Senin, 28 September 2015

Untitled

Nyonya, bisakah kau sedikit saja belajar menghargai oranglain?
Bisakah kau sedikit saja belajar mengerti perasaan oranglain?
Aku mencoba mengerti tentang takdirmu yang tiba tiba saja datang dan merampas semuanya.
Aku mencoba belajar menghargai semua kejadian yang menyisakanku seorang diri.
Lalu bisakah kau mencoba mengerti tentang takdirku?
Bisakah kau membayangkan rasanya jadi aku?
Yang baru saja kehilangan orang yang selama ini aku perjuangkan?
Yang baru saja kehilangan orang yang selama ini aku sebut namanya dalam doa?
Bisakah?

Atau setidaknya sedikit saja menghargai pertemanan aku dengannya, bisakah nyonya?

Selasa, 22 September 2015

how i call this feeling?

Aku masih mengingat malam yang menjadikan kita ada. Kamu yang datang dengan tiba-tiba, setelah sebelumnya berkali-kali aku mengabaikan senyumanmu di ujung lelahku.

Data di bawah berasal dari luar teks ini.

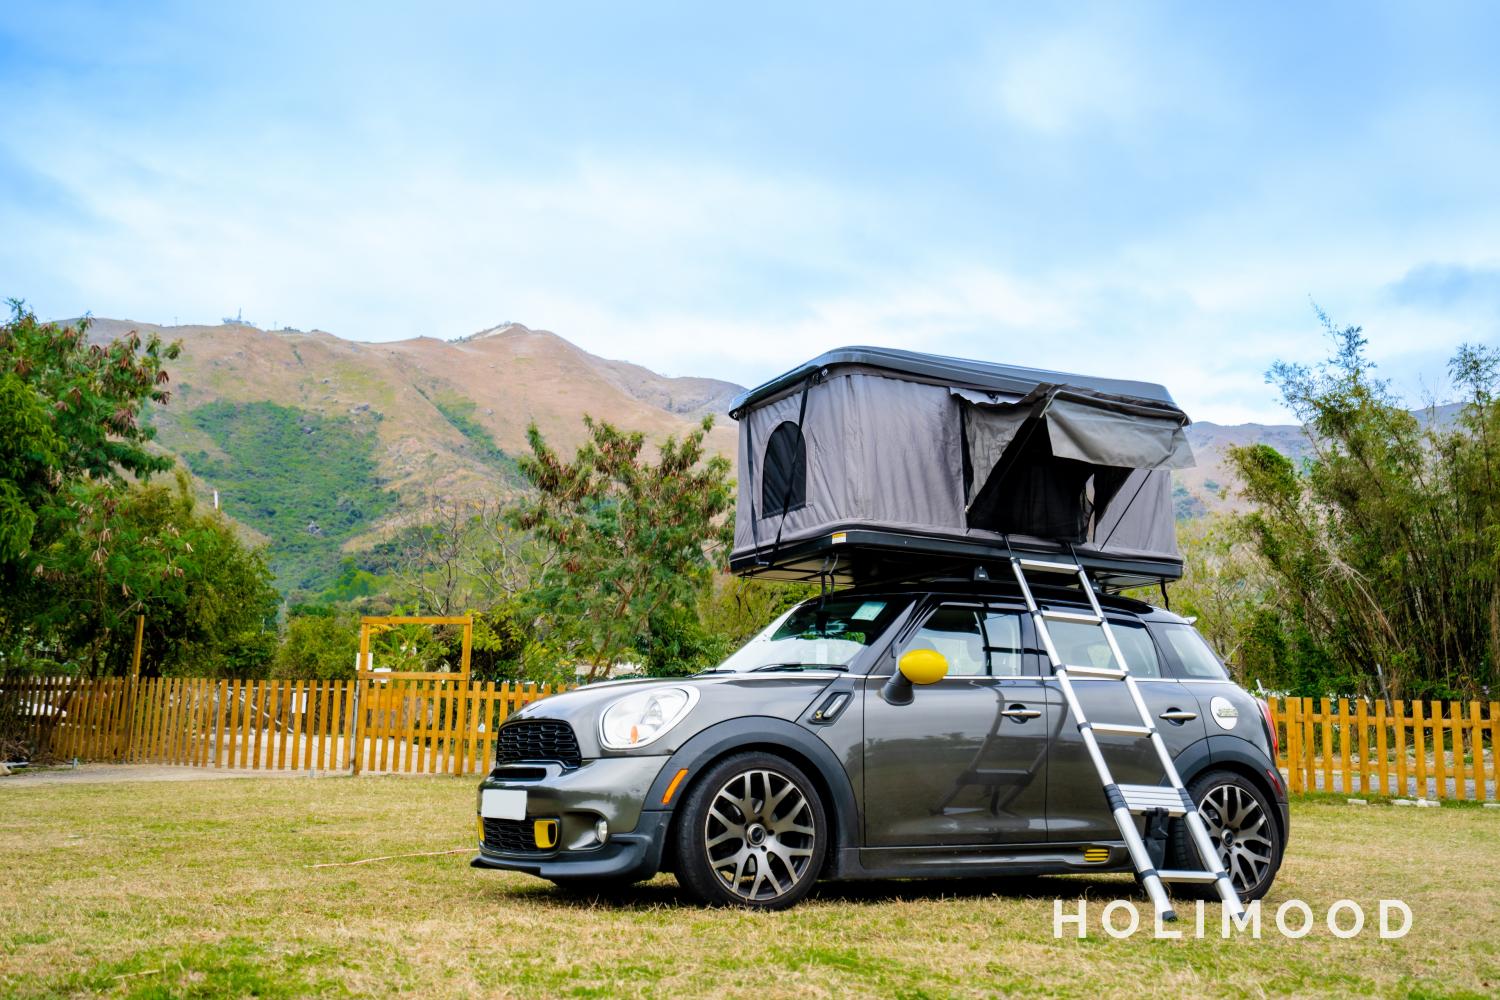 DNA 租車 【Girl Dream Car】Mini Cooper Countryman Roof Camping and Car Camping Experience 12
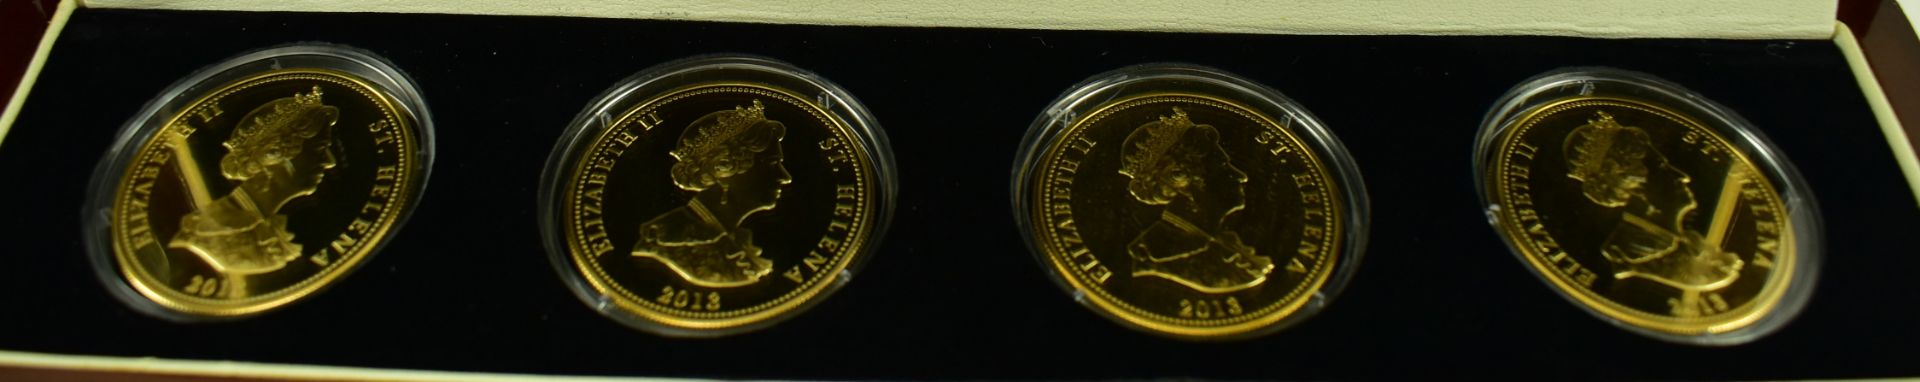 LARGE COLLECTION OF COMMEMORATIVE UK & FOREIGN COINS - Image 5 of 6

Aku masih mengingat malam yang berbalut khawatir ketika kamu tak kunjung memberiku kabar. Iya, aku khawatir.. tapi entah apa dan kenapa kamu masih bisa tertidur lelap tanpa memberi kabar untukku. Sakit memang, tapi tahu bahwa kamu baik-baik saja..  itu cukup untuk membuat ku kembali tersenyum.

Aku masih mengingat hari yang berbalut cemburu ketika kamu membagi genggaman tanganmu dengan dia yang lain. Aku selalu berharap menjadi satu-satunya yang kamu rindukan, satu-satunya yang kamu inginkan hadir dalam mimpi, satu-satunya tempat kamu berbagi lelah. Aku, selalu, berharap.

Aku masih mengingat hari-hari yang berbalut perjuangan agar aku bisa melihat bahagiamu ketika mengenakan toga. Perjuangan ini sederhana.. sesederhana aku menemanimu mendaftar ini dan itu, sesederhana aku mengabaikan lelahku agar revisi mu cepat selesai. Aku menyederhanakannya demi kamu dan masa depanmu.

Aku masih mengingat hari hari yang berbalut kebahagiaan ketika tawa dan canda itu kita bagi bersama. Setelah semua cemburu dan khawatir yang kamu abaikan, aku masih menunggumu memelukku seorang diri. Ungkapan sayangmu padaku yang selalu membuatku kembali berdiri dan tegar untuk kembali menyayangimu.



Aku tidak pernah mengerti, mengapa aku mau dan bisa berbagi kali ini. Bahkan ketika semuanya begitu saja kamu enyapkan, seketika kamu abaikan. Seperti semuanya tidak pernah ada, seperti semuanya hanya sebuah perjalanan yang tidak berharga.
Kamu tau? Aku pernah sebegitu lelahnya mengejarmu, sebegitu lelahnya bertahan dalam ketidakpastian. Tapi hatiku bergumam, “Bukankah bahagia dia yang terpenting?”. Kemudian aku kembali mengurungkan hatiku untuk pergi dan menjauh. Aku ingin selalu melihatmu, meski bukan dengan cara menua bersama.

Terimakasih telah mampir dalam kehidupan wanita yang begitu jauh dari kata sempurna ini. Terimakasih telah memilih aku sebagai tempat persinggahan sementara diantara pilihan persinggahan lainnya. Terimakasih untuk waktu sekejap matanya, terimakasih untuk setiap gelak tawa yang kita bagi bersama. 

Meskipun pada akhirnya, kamu pun harus tiba-tiba pergi dan mengakhiri kita. Meskipun pada akhirnya aku harus merelakan rasa khawatir ku menjadi milik oranglain. Meskipun pada akhirnya aku bukan hanya merelakan genggamanmu, bahkan lebih dari itu bersama dia yang lain. 
Meskipun pada akhirnya aku harus melihat senyumanmu dengan toga kebanggaanmu hanya melalui sebuah potret sederhana. Meskipun bukan tanganku yang kau genggam ketika bahagia itu menjadi nyata. Meskipun bukan keningku yang kamu kecup setelah mengucap janji setia. Meskipun pada akhirnya aku harus melihatmu tersenyum seolah melupakan bagaimana sakitku, dengan dia yang lain. Meskipun pada akhirnya aku harus merelakan ada tangan lain yang dapat merangkulmu kapan saja dia mau. Meskipun pada akhirnya, kisah kita hanya menjadi sebuah cerita yang tersimpan, aku tetap mengucap syukur pernah menjadi bagian dari perjalanan cintamu.